■ Work task:
Among the lines below, keep only those from the one containing "Slideshow MEY Nachtwäsche" through the one containing "Les deux co-porte-paroles", and reproduce them exactly.

━━ Exercise inputs

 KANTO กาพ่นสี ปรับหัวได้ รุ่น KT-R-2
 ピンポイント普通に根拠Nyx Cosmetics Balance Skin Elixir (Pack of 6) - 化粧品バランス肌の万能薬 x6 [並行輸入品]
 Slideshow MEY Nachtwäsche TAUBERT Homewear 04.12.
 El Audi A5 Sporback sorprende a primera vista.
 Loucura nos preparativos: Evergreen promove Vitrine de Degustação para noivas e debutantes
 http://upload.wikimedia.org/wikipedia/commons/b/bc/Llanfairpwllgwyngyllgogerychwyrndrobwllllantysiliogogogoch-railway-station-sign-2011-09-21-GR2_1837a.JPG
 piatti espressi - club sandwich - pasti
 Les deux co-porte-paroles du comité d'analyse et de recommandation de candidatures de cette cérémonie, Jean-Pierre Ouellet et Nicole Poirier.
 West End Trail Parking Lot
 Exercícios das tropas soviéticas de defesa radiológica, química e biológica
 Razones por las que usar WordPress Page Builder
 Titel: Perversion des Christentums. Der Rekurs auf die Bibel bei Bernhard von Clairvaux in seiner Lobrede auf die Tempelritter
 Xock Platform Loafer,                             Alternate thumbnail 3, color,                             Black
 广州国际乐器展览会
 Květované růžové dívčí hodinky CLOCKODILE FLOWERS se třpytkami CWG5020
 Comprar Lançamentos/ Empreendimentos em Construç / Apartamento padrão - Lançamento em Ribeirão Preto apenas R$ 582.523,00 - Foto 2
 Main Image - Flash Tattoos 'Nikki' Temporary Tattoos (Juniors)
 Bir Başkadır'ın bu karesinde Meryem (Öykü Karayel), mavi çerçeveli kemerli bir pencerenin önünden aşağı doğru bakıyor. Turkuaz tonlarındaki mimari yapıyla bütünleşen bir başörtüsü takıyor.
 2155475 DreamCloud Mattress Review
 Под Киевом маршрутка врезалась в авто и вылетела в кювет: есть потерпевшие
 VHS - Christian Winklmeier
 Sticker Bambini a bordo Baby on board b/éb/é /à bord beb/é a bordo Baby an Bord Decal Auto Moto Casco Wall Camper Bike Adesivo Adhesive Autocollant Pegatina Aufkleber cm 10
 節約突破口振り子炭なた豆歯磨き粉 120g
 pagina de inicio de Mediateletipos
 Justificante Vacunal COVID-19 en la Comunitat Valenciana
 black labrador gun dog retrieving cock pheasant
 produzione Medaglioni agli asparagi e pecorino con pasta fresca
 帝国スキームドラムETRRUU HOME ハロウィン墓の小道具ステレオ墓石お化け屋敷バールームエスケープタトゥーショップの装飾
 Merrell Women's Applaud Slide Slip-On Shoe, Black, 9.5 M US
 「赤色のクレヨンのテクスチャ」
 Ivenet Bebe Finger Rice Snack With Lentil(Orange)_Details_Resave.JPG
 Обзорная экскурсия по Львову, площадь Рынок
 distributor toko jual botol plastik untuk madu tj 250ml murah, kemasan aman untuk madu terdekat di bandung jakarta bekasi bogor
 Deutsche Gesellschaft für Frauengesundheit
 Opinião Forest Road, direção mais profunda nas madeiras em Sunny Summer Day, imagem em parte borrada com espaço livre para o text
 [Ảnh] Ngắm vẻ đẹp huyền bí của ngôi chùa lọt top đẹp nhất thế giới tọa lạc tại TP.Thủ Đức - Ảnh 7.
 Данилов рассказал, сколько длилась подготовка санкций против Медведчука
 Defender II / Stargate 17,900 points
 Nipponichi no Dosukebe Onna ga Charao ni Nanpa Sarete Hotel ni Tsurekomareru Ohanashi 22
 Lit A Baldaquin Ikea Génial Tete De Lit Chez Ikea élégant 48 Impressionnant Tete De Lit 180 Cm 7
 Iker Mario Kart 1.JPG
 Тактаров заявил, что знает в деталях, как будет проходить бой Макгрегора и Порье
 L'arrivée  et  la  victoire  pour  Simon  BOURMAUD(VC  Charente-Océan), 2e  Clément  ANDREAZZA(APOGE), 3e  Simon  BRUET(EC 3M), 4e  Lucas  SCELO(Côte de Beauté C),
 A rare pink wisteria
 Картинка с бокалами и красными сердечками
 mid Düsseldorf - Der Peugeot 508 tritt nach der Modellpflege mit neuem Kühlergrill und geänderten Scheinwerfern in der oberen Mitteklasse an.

━━━━

■ Written solution:
 Slideshow MEY Nachtwäsche TAUBERT Homewear 04.12.
 El Audi A5 Sporback sorprende a primera vista.
 Loucura nos preparativos: Evergreen promove Vitrine de Degustação para noivas e debutantes
 http://upload.wikimedia.org/wikipedia/commons/b/bc/Llanfairpwllgwyngyllgogerychwyrndrobwllllantysiliogogogoch-railway-station-sign-2011-09-21-GR2_1837a.JPG
 piatti espressi - club sandwich - pasti
 Les deux co-porte-paroles du comité d'analyse et de recommandation de candidatures de cette cérémonie, Jean-Pierre Ouellet et Nicole Poirier.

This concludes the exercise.